(Supplied records begins)

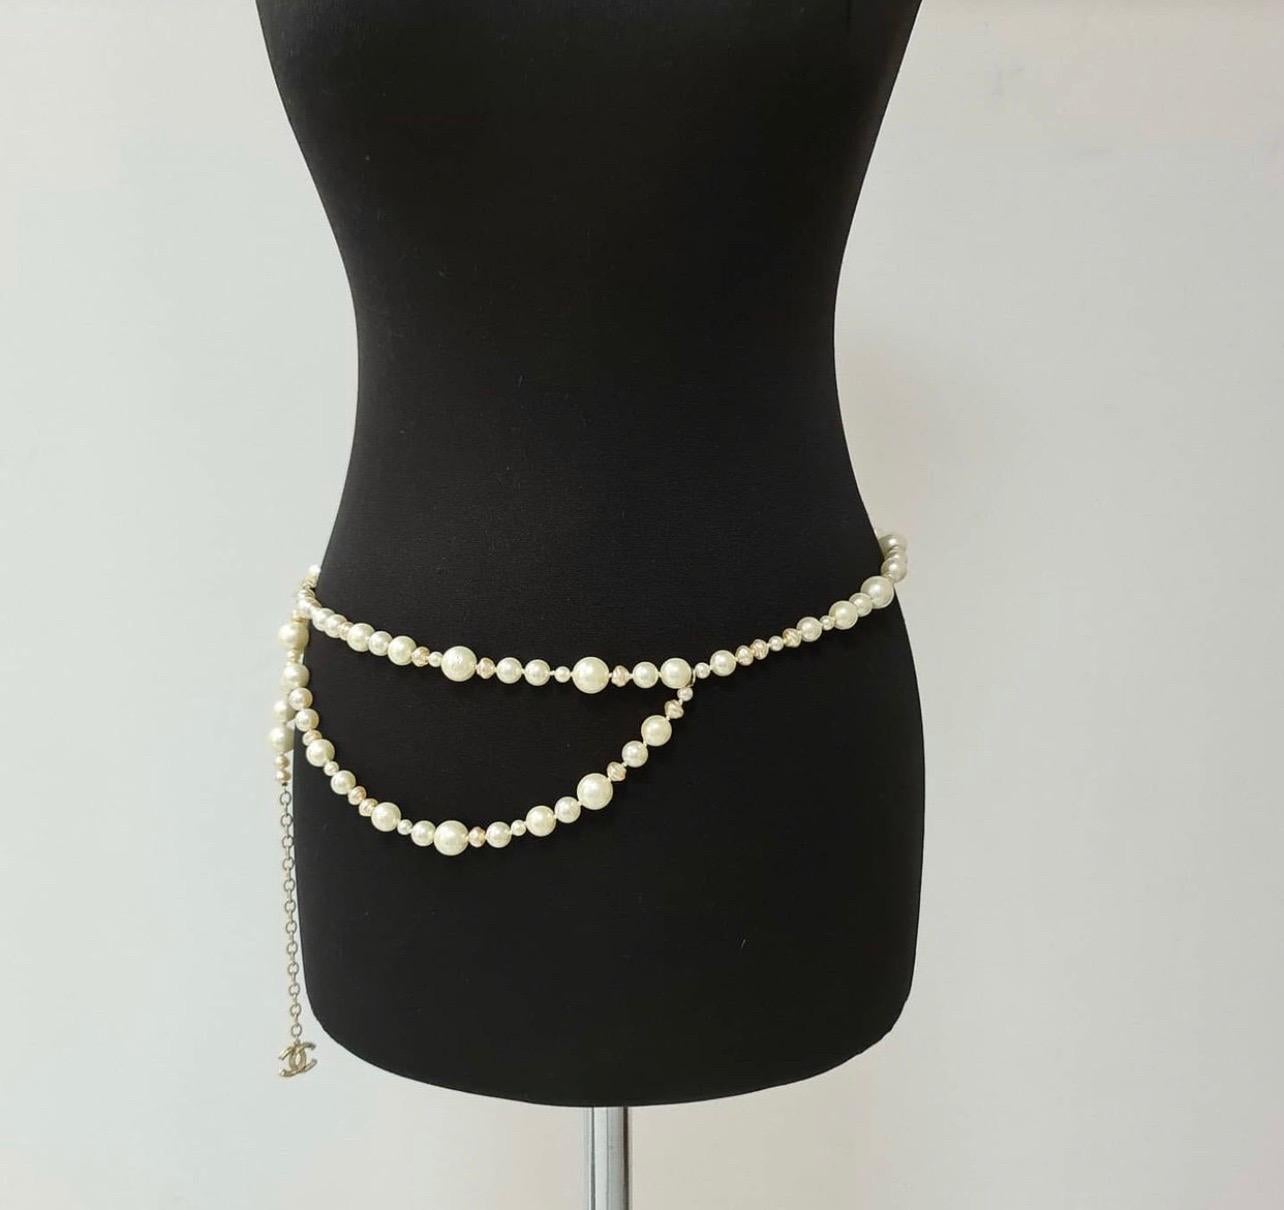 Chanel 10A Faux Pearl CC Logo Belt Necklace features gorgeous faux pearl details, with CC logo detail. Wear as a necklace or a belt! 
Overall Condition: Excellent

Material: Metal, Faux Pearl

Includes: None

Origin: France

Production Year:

(Supplied records ends)

_Work instruction_
Reproduce the listing above exactly, excluding all pictures.

_Result of this task_
 Chanel 10A Faux Pearl CC Logo Belt Necklace features gorgeous faux pearl details, with CC logo detail. Wear as a necklace or a belt! 
Overall Condition: Excellent

Material: Metal, Faux Pearl

Includes: None

Origin: France

Production Year:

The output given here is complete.